**TASK DETAILS**: Transcribe all of the data exactly. Omit the pictures.
--- DATA SECTION Enclosed Below ---
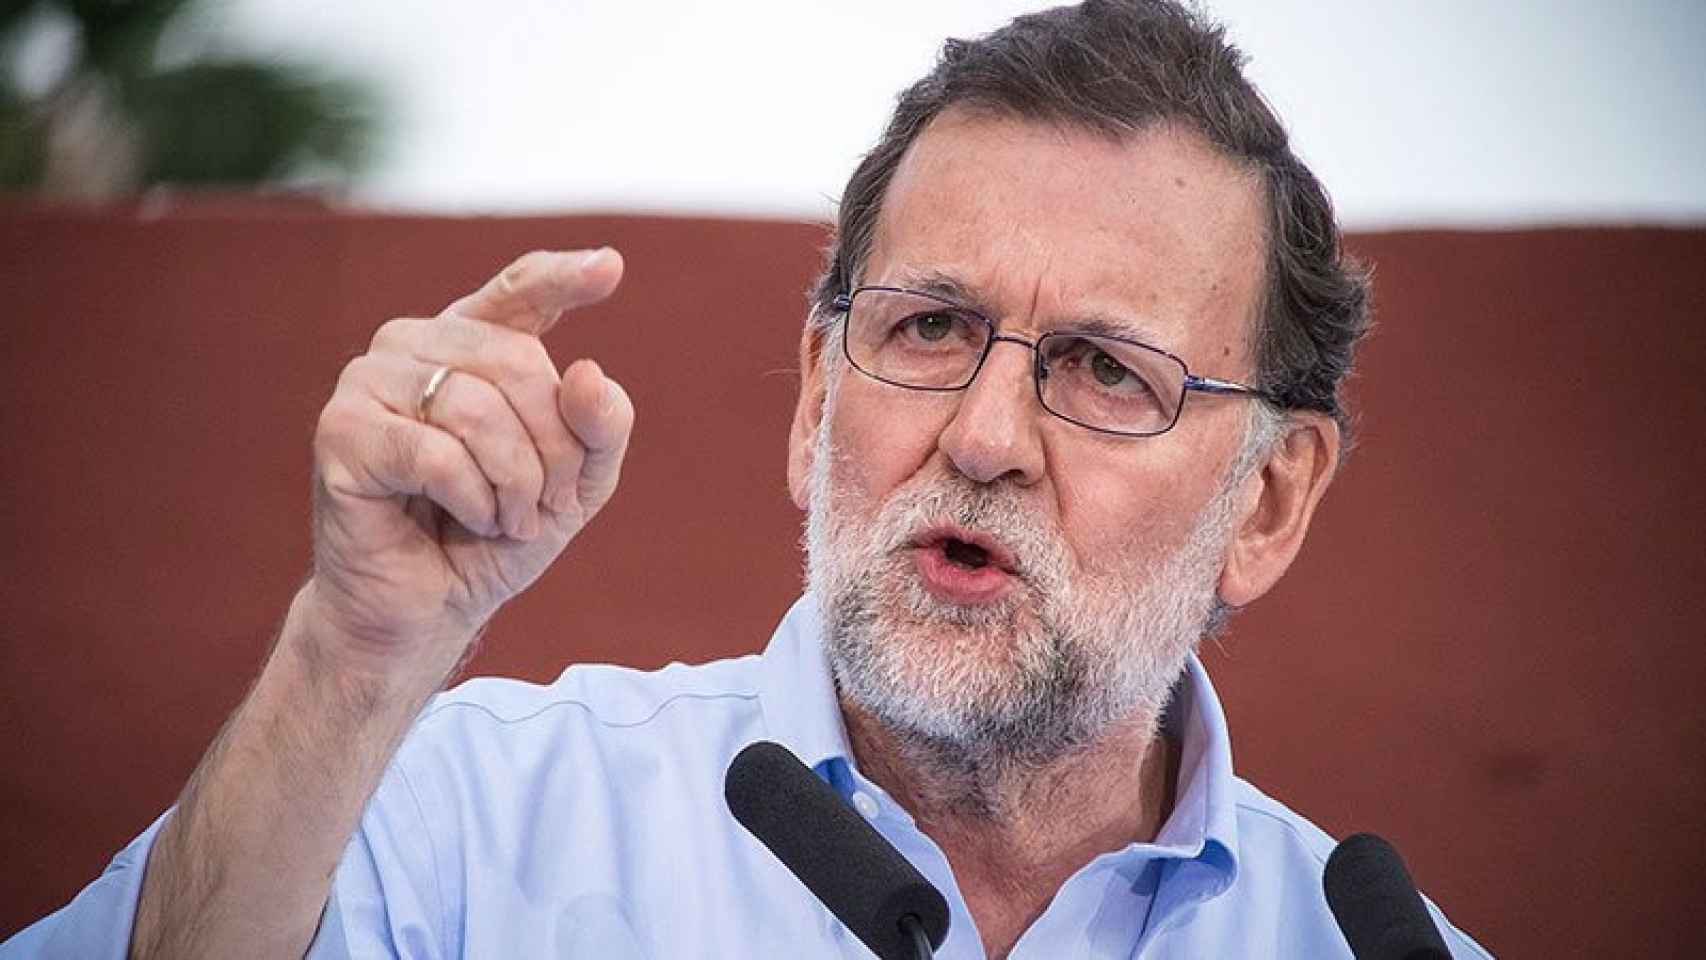 El candidato a la presidencia para el PP, Mariano Rajoy, el sábado durante un acto de campaña en Las Palmas de Gran Canaria.
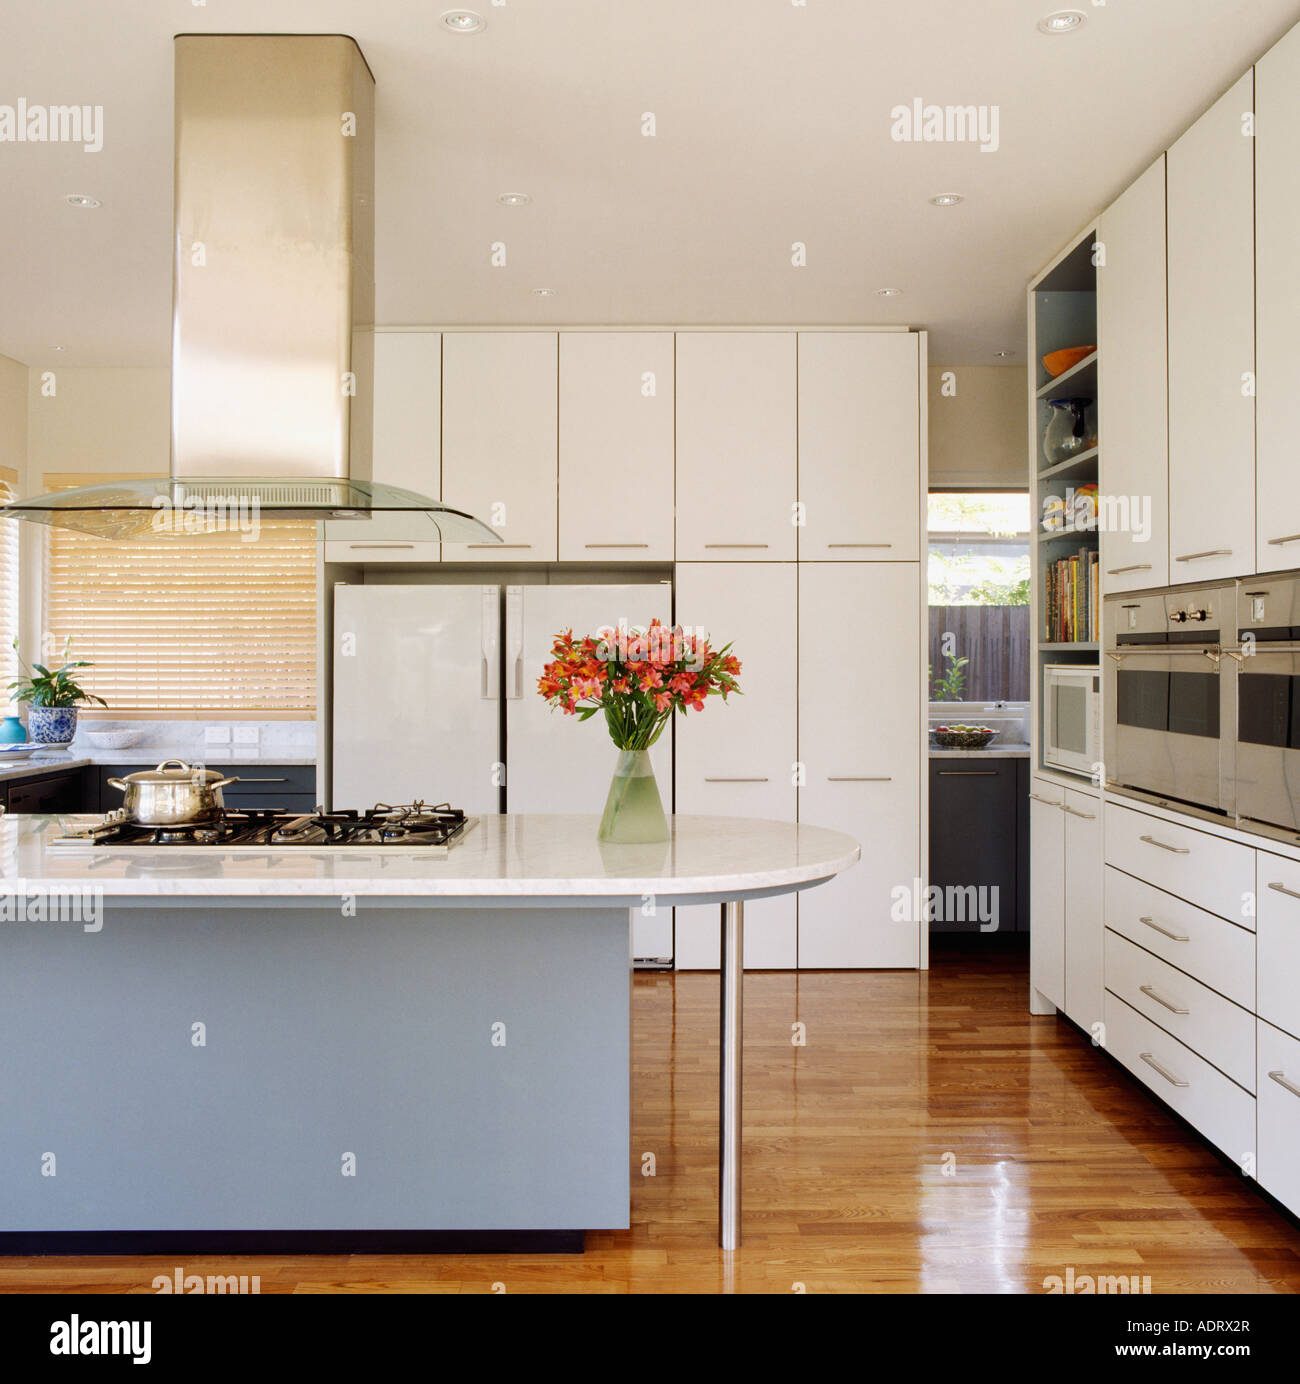 Cappa al di sopra del piano di cottura in blue island unità in bianca e moderna cucina con pavimento in legno lucido Foto Stock
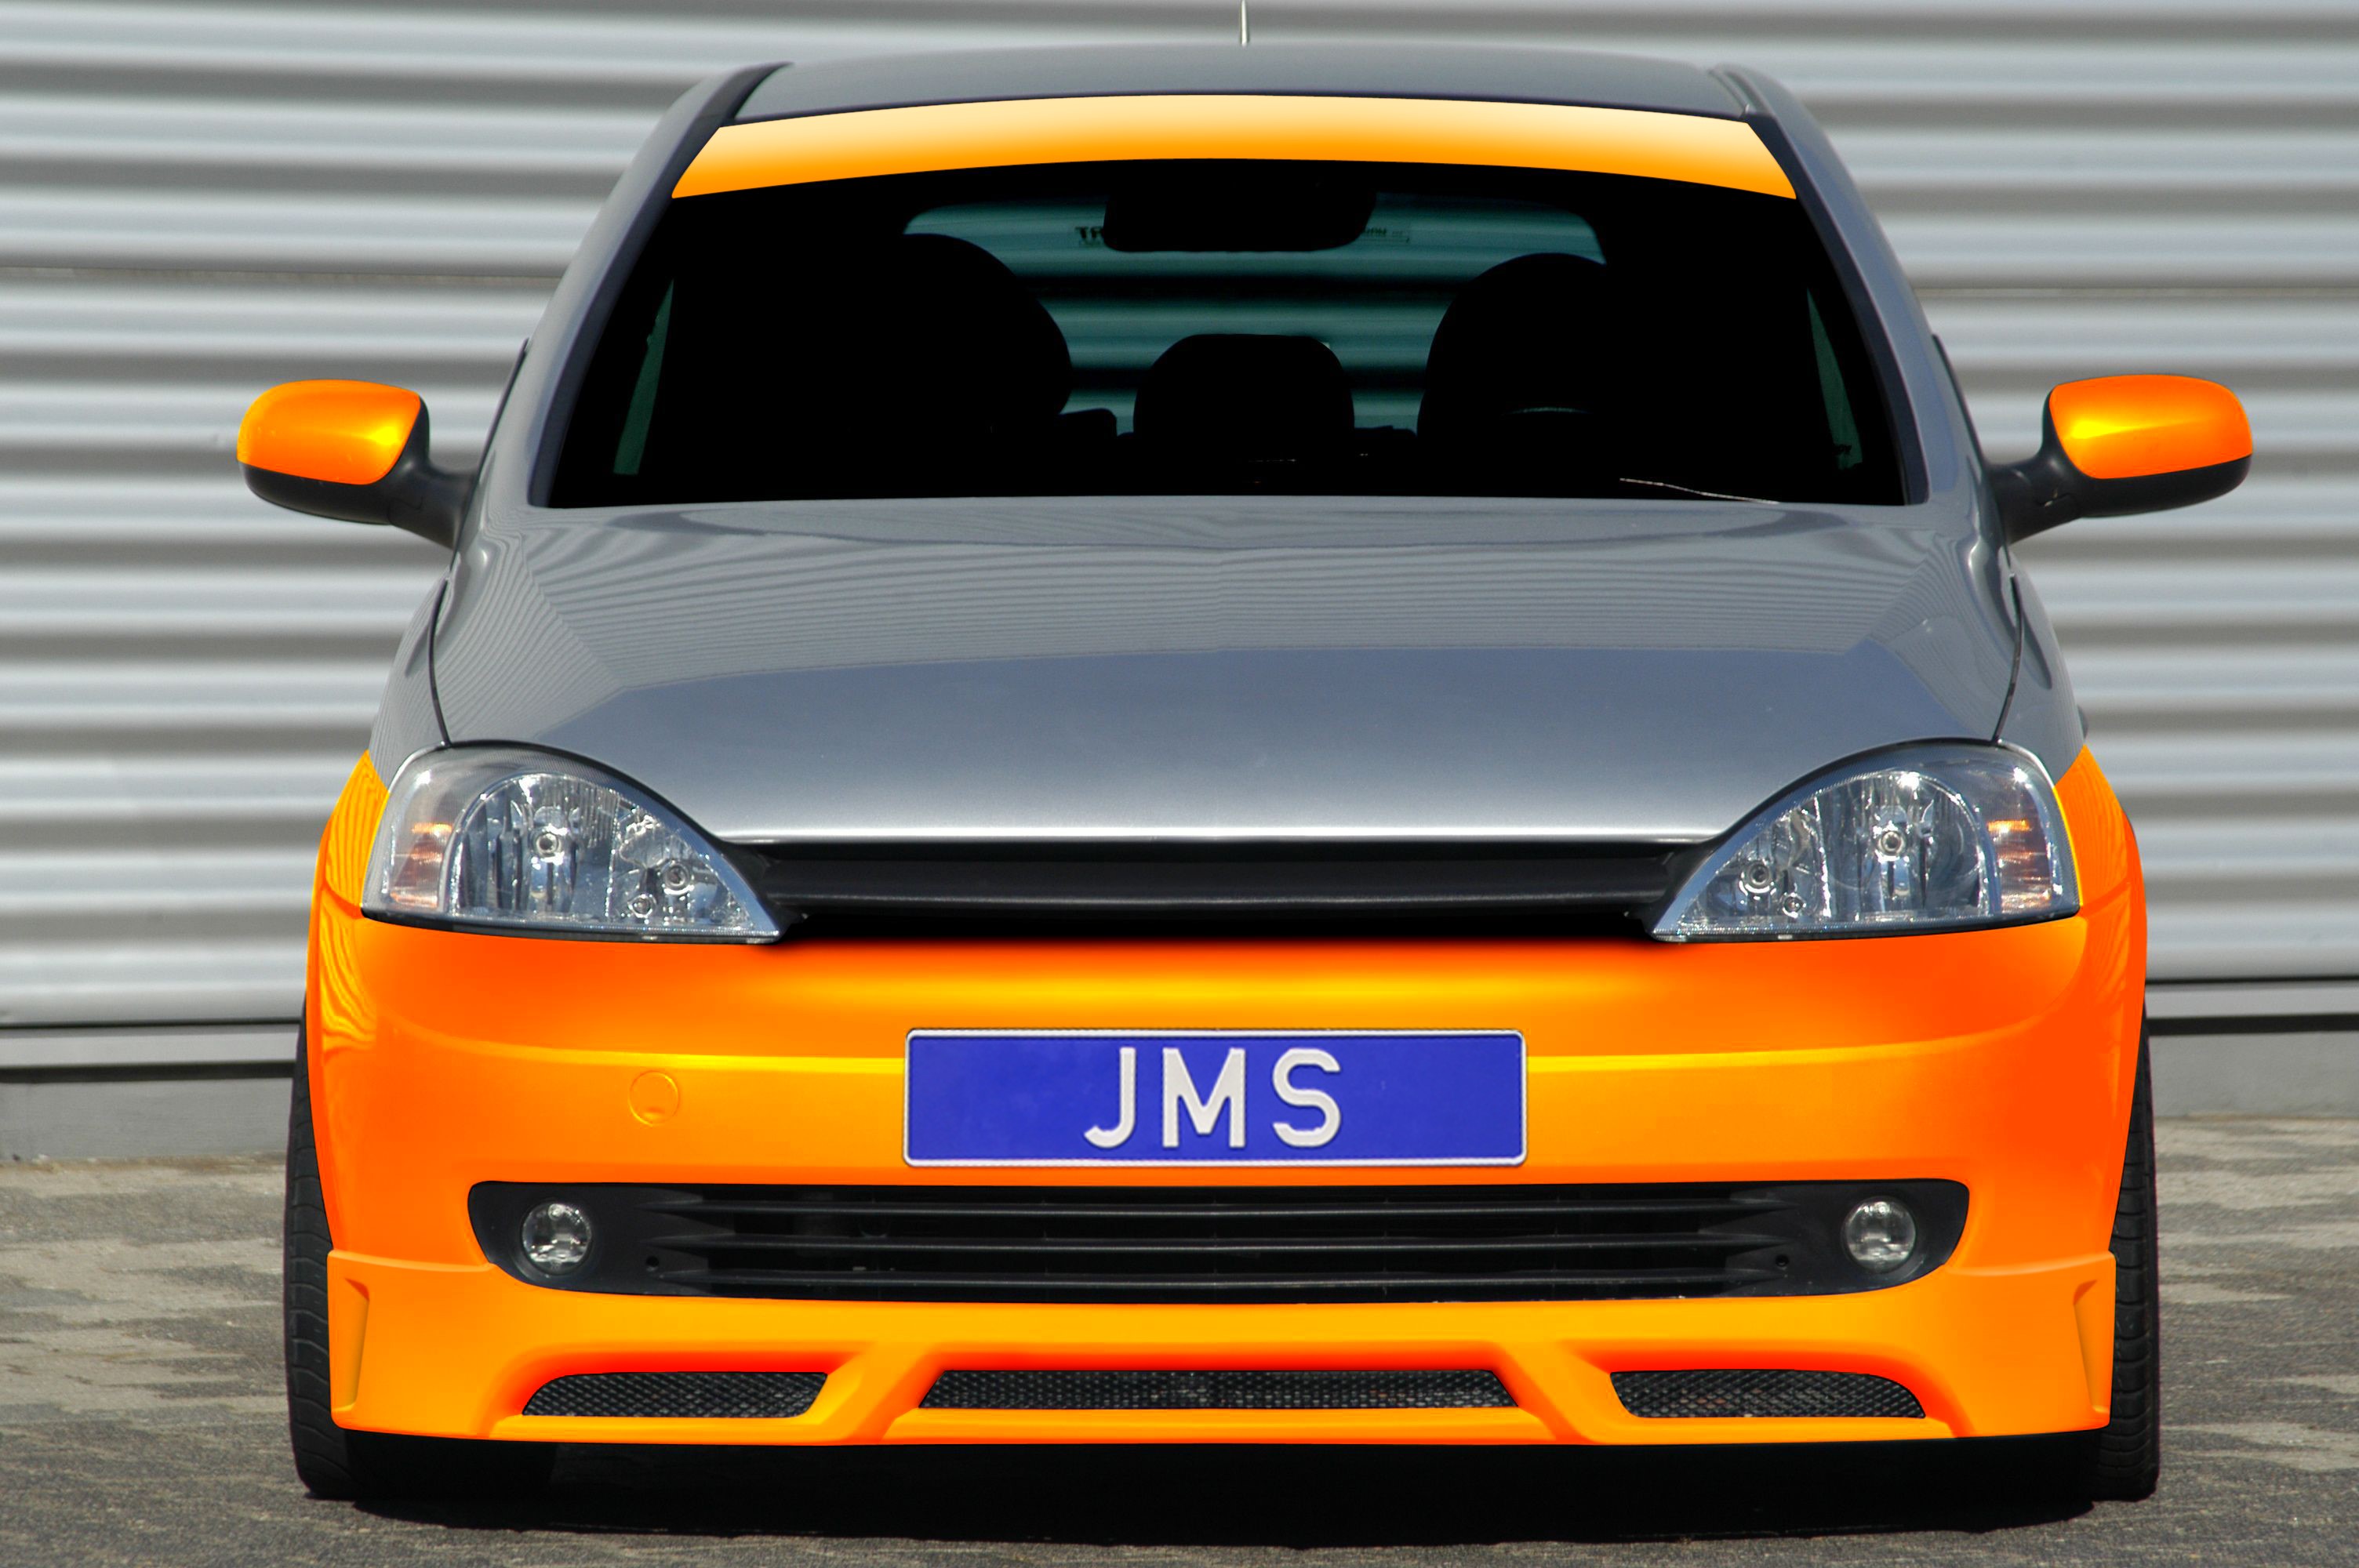 JMS NEWS Corsa C Racelook, JMS - Fahrzeugteile GmbH, Story - PresseBox
--- End of Enclosed DATA SECTION ---
**ANSWER SPACE**:
 El candidato a la presidencia para el PP, Mariano Rajoy, el sábado durante un acto de campaña en Las Palmas de Gran Canaria.
 Cappa al di sopra del piano di cottura in blue island unità in bianca e moderna cucina con pavimento in legno lucido Foto Stock
 JMS NEWS Corsa C Racelook, JMS - Fahrzeugteile GmbH, Story - PresseBox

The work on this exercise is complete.